January 2017 \ News \ COLUMN: NRI LEGALITIES FOR INVESTING IN INDIA
Long and Short-Term NRI Investment

On May 21, 2015, the Union Cabinet gave its approval for amending the definition of Non-Resident Indians (NRIs) in the Foreign Direct Investment (FDI) Policy and to clarify that investments made by NRIs on non-repatriable basis shall be treated at par with domestic investments

(G )   Direct Equity – Shares

NRIs can invest in Indian shares through Portfolio Investment Scheme (PIS) of the Reserve Bank of India (RBI). Each transaction through the PIS account is reported to the RBI.

Long term capital gains made on the sale of shares after 1 year from the date of purchase are tax-free Short term capital gains, profits on sale within one year of date of purchase, are subject to a TDS of 15%. 

(H)   Real Estate

Investing in real estate is easy for NRIs under the ambit of Foreign Exchange Management Act (FEMA). An NRI or a Person of Indian Origin (PIO) can invest in both residential and commercial properties in India. But they are not allowed to invest in agricultural land, plantation property and farm house. They can own such properties only if it is gifted to them or inherited.

 (I )  Public Provident Fund (PPF)

PPF is a 15 year scheme of the government with an option to extend it after 15 years in blocks of 5 years. It allows tax benefits under Section 80C and the maturity amount is also tax free. This is a good option for debt investing and can be used as a retirement tool to ensure tax free withdrawal.

NRIs can’t open a PPF account. But those who opened a PPF account before they actually got NRI status can continue the account until it matures. But they cannot extend it after 15 years. On maturity, either, they can close the account or can keep it there and enjoy tax free interest till they close the account. It is recommended that you open a PPF account before becoming an NRI.
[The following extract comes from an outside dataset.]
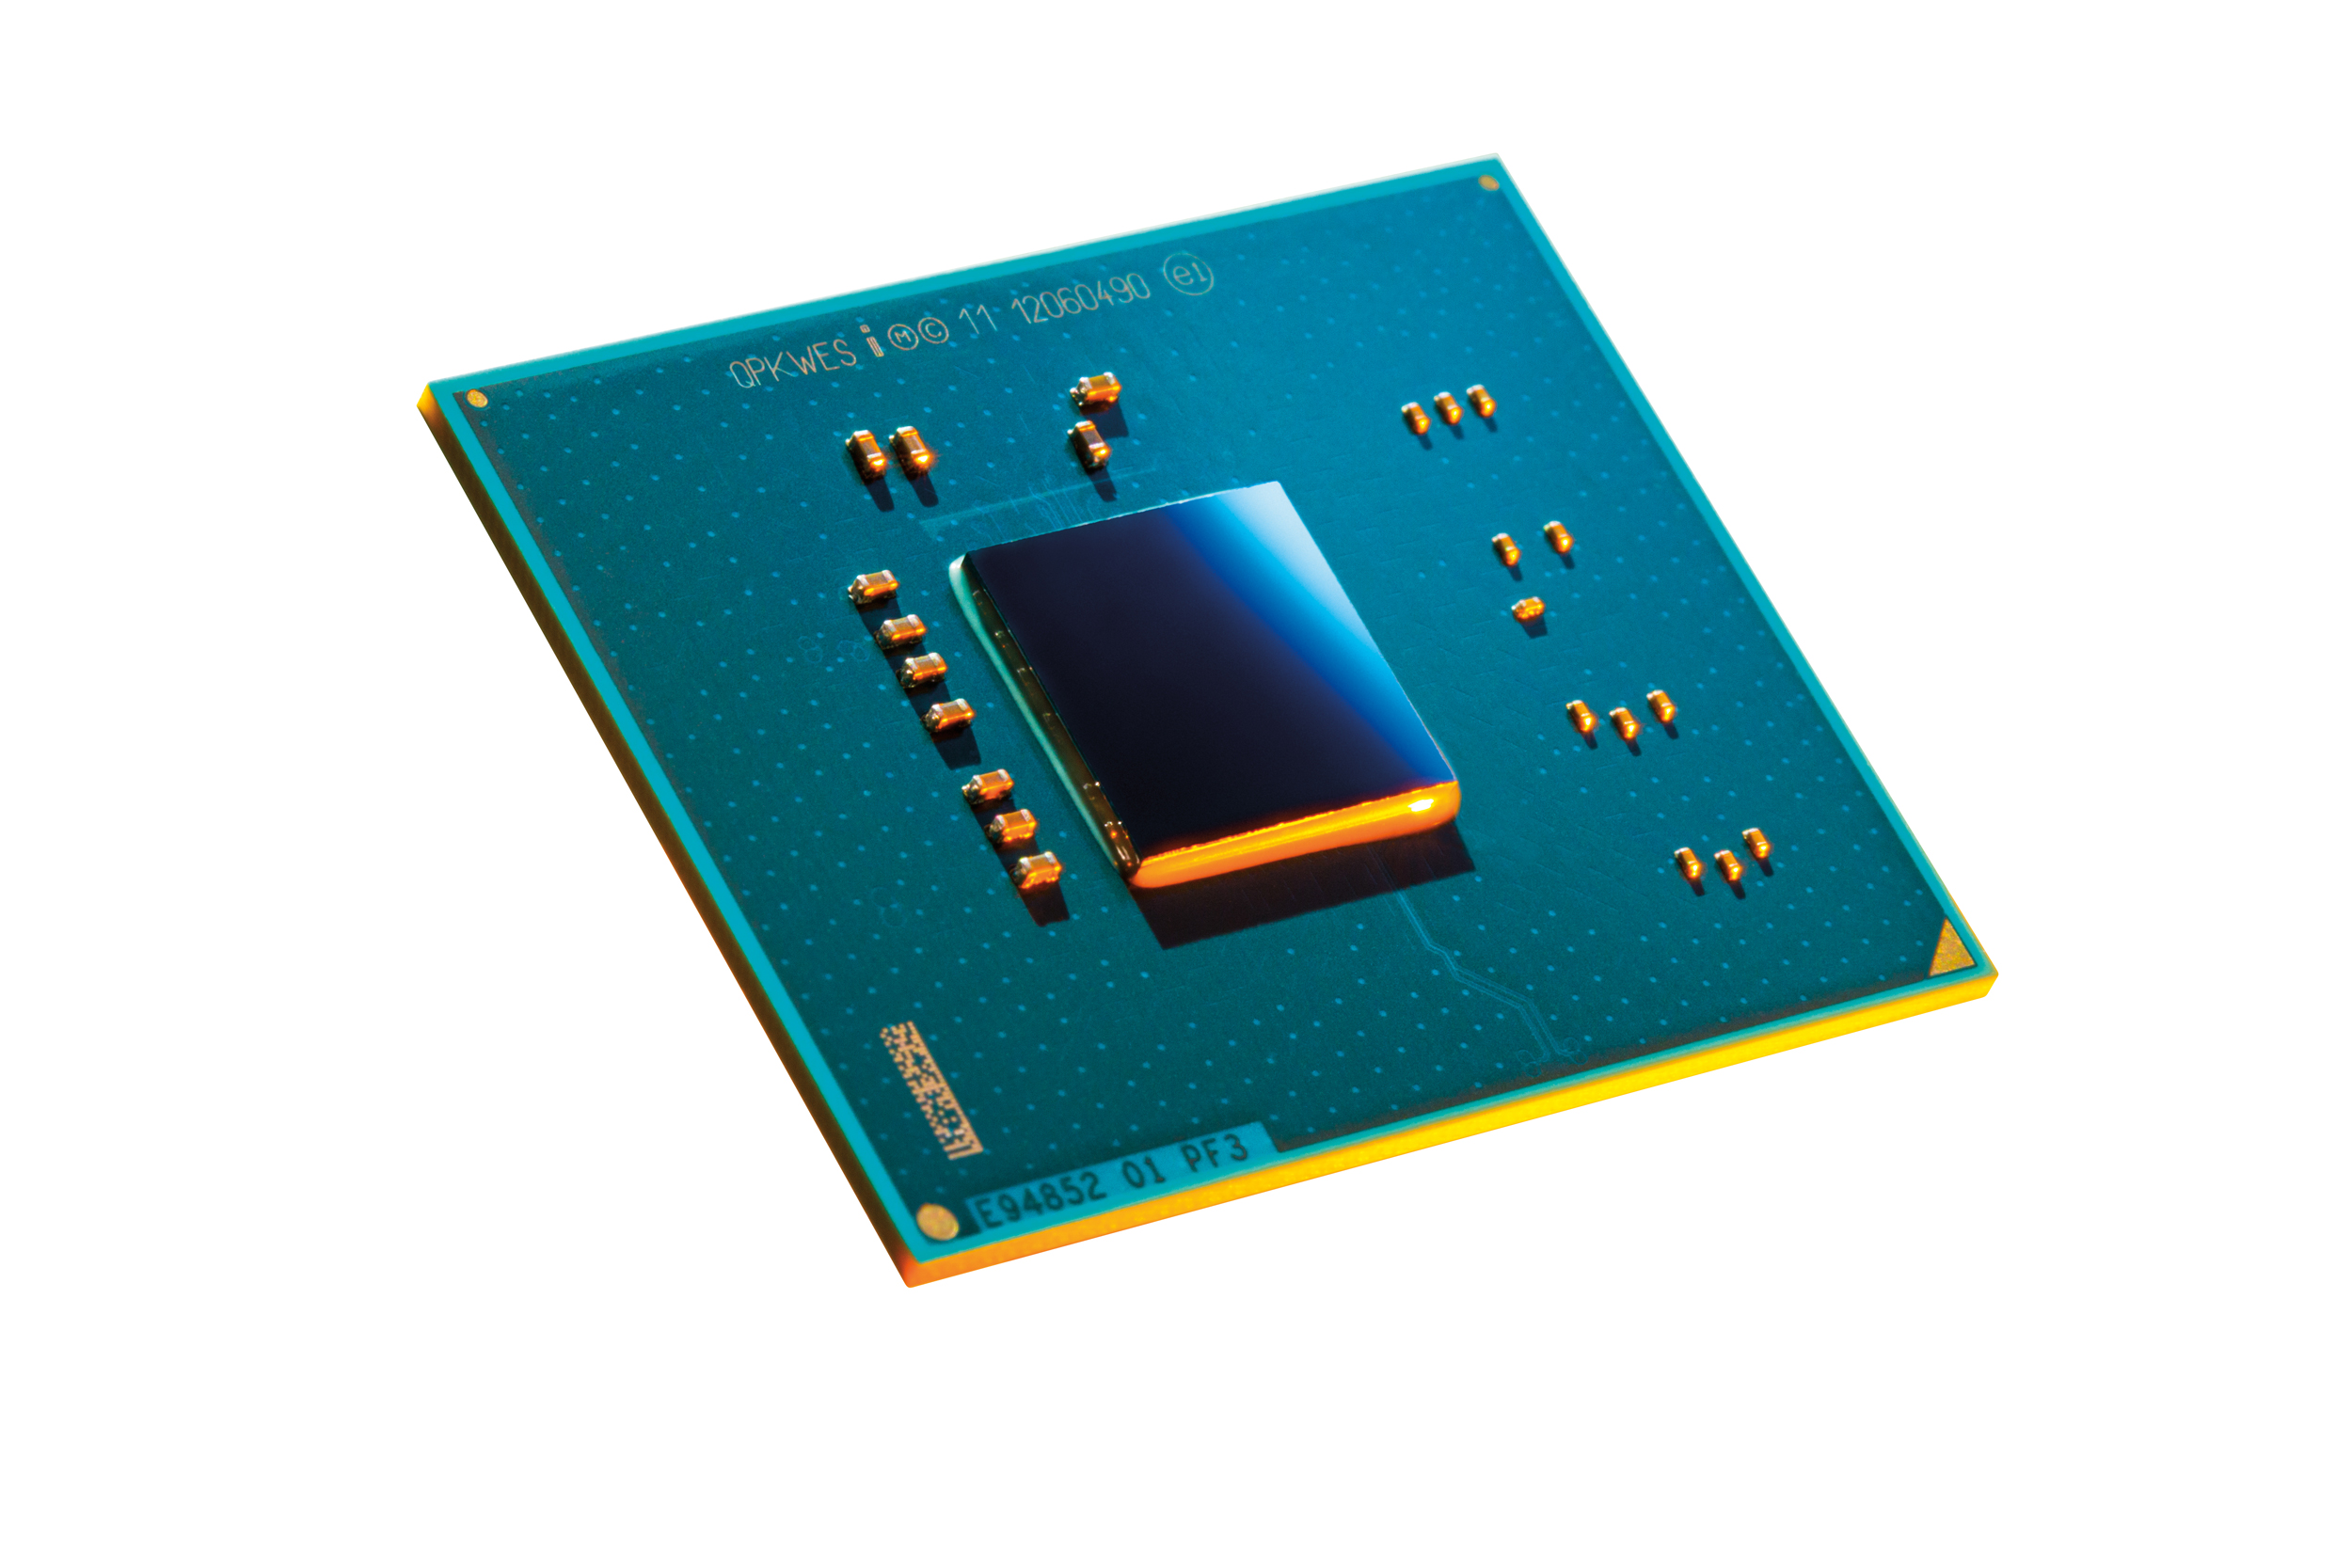 Immagine pubblicata in relazione al seguente contenuto: Intel annuncia i processori server-class Atom S1200 con TDP di 6W | Nome immagine: news18544_Intel-Atom-S1200_1.jpg

 ( J )   National Pension System (NPS)

NPS is an easily accessible, low cost, tax-efficient and flexible retirement savings account. Under the NPS, the individual contributes to his retirement account. NPS is designed on defined contribution basis wherein the subscriber contributes to his own account. The benefit subscribers ultimately receive depends on the amount of contributions, the returns made on the contributions and the period of contributions.